Thousands of Haitians took to the streets in December of 2009 to demand the return of Aristide. Thousands protested again just last month, decrying the elections that have been so riddled with fraud that the Institute for Economic Affairs has called the election a "sham" and President Aristide referred to them as a "selection." Asking Haitians to accept the results of an election while banning major parties would be like asking a US citizen to accept an election without the Democratic Party. In his Second Treatise of Government, John Locke argued that one of the central assumptions of government is that those entrusted to lead the people should not transfer their lawmaking authority to others. Such an instance would make the State of Nature preferable. For Haitian elections to reflect the interests of Haitians, they first need to become free of the strong foreign influences which have derailed their development.
But bringing Aristide back into the fold is not only the right thing for Haitian development and democracy; it is also the best US policy option. The Latin American and Caribbean region is already distancing itself from US foreign policy. And now, with the Union of South American Nations (UNASUR) having come into effect on December 1, the region is developing the infrastructure to carve its own collective political and economic path.
Annie concluded her most recent email to me with, "There are so many beautifully simple Haitian proverbs. One of my favorites is, ‘Deye mon gen mon.’ Translated it means, literally, ‘Behind mountains, there are more mountains.’ As in, ‘There is more than meets the eye,’ or ‘If it's not one thing, it's another.’ The spirit is not one of defeat, but of acknowledgment of the struggles while striving towards the solution."
Haitian civil society is mobilized. In the past year, Haitians have marched to restore Aristide; they have marched against the elections; they have marched against the spread of cholera they believe came from the UN. During my fieldwork in the sugarcane valley of rural Colombia, which, after the US and Haiti, has the next largest African diaspora, I witnessed firsthand how the legacy of colonialism is still patterning social and economic relationships. It is not simply that individuals cannot or will not help themselves, even if there exist acute instances in which others indeed need assistance. It is that now, just as then, when others struggle to improve their own lives, foreign powers often intervene to stymie development, to exploit labor, or to extract resources. Recent events in Haiti illustrate this sad ontological reality of global relations that people around the world are working every day to subvert.
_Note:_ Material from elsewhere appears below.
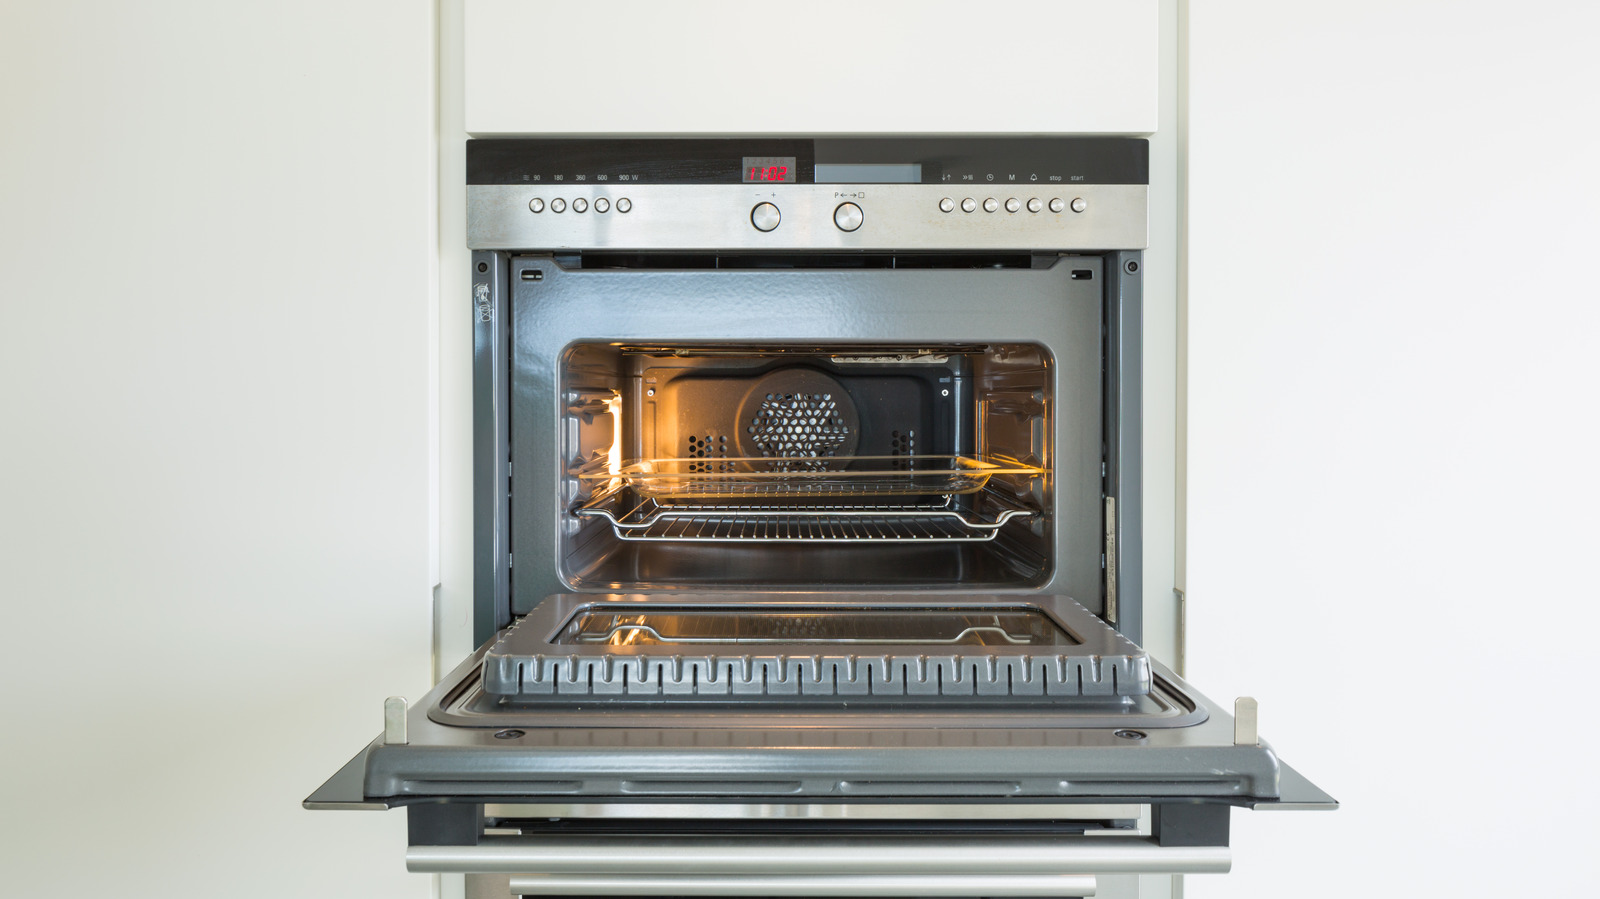 Your Convection Oven Cooking Questions Answered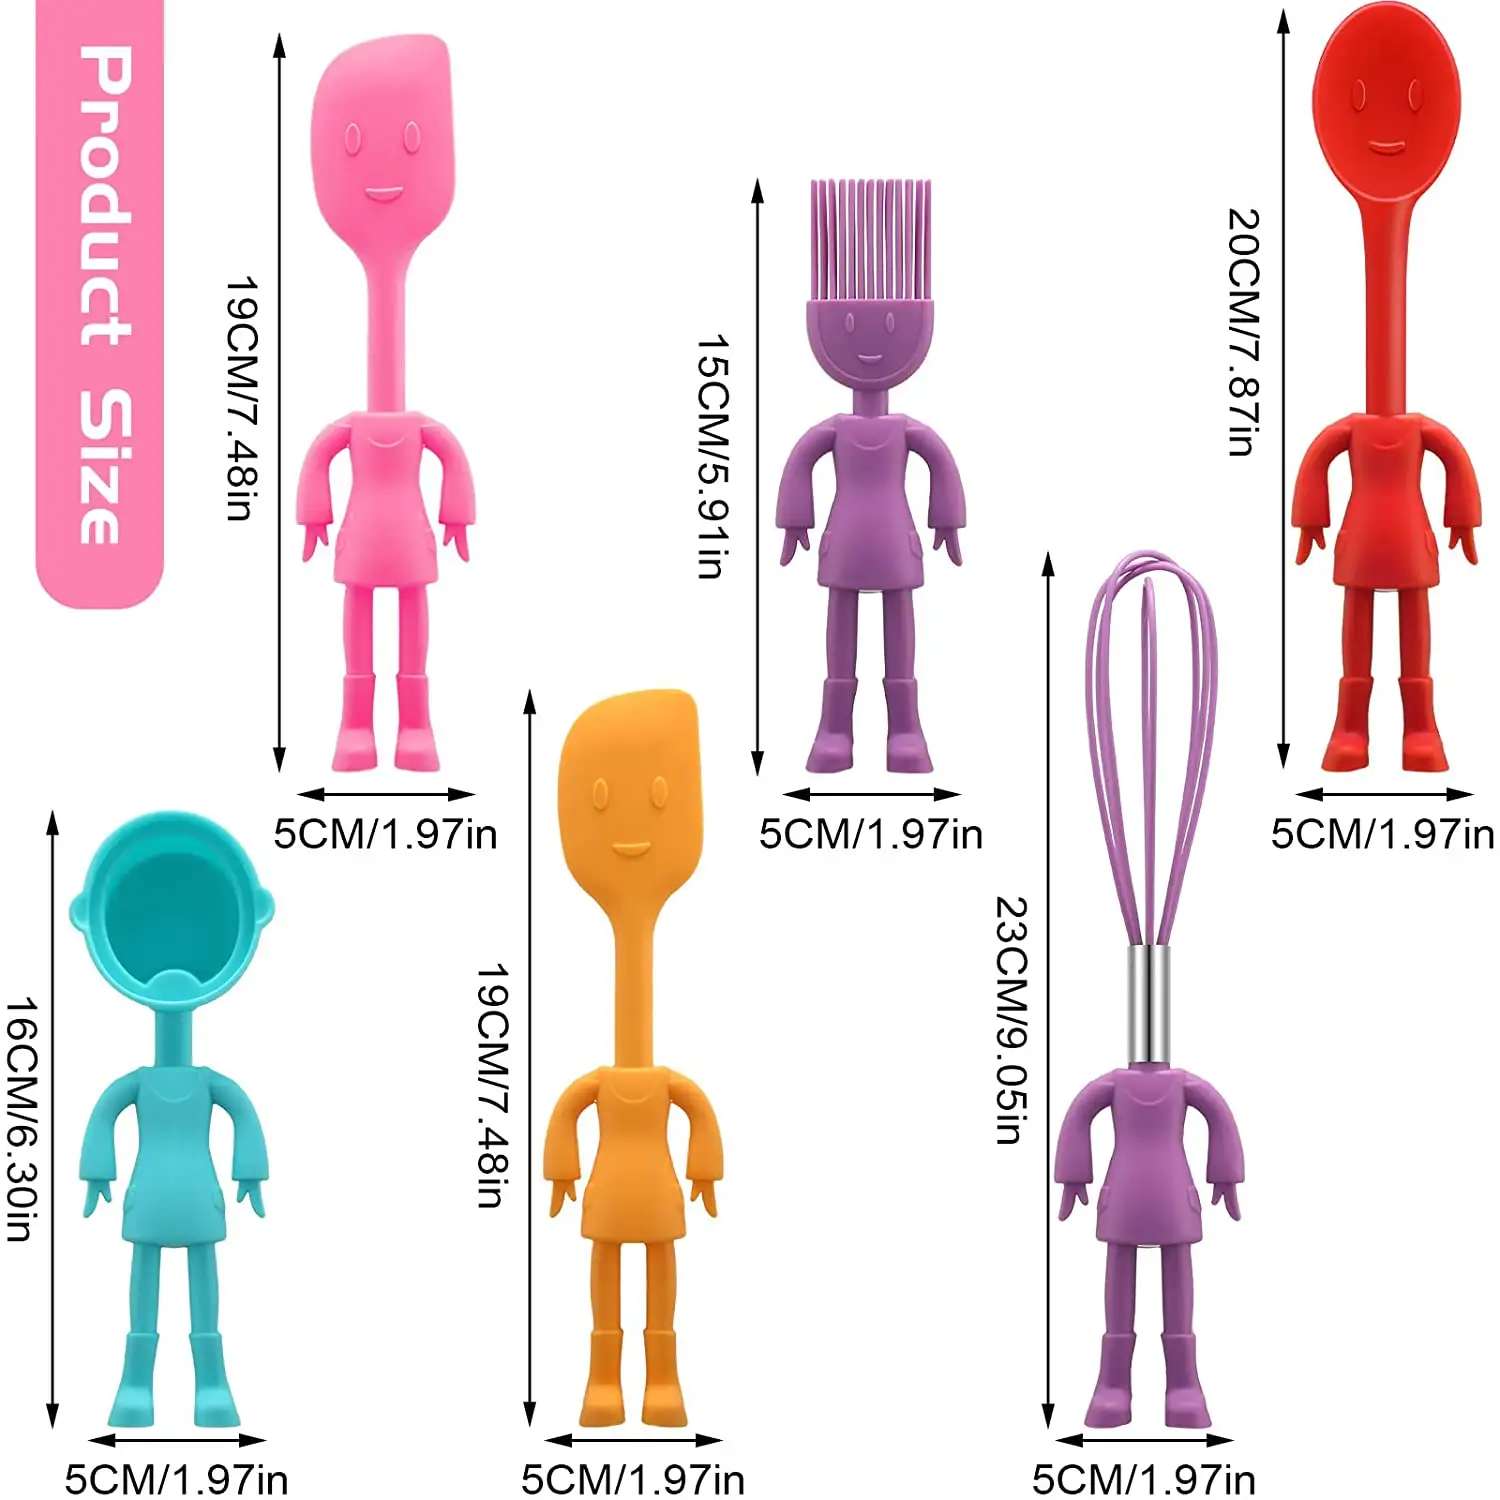 2022 human shaped kitchen utensils in 6 piece Non Stick Heat Resistant Baking Tools Gadgets Silicone Cute Kids cooking tools

Louis Edgar Esparza is Lecturer in Human Rights at the University of Denver, Josef Korbel School of International Studies. His work appears in Societies Without Borders, Qualitative Sociology and Sociological Forum. Dr. Esparza is writing a book on grassroots human rights movements in Colombia, where he completed ethnographic fieldwork in 2008. His research has attracted grants and awards from the Andrew W. Mellon Foundation, the National Science Foundation, the Latin American Studies Association and Oxfam America.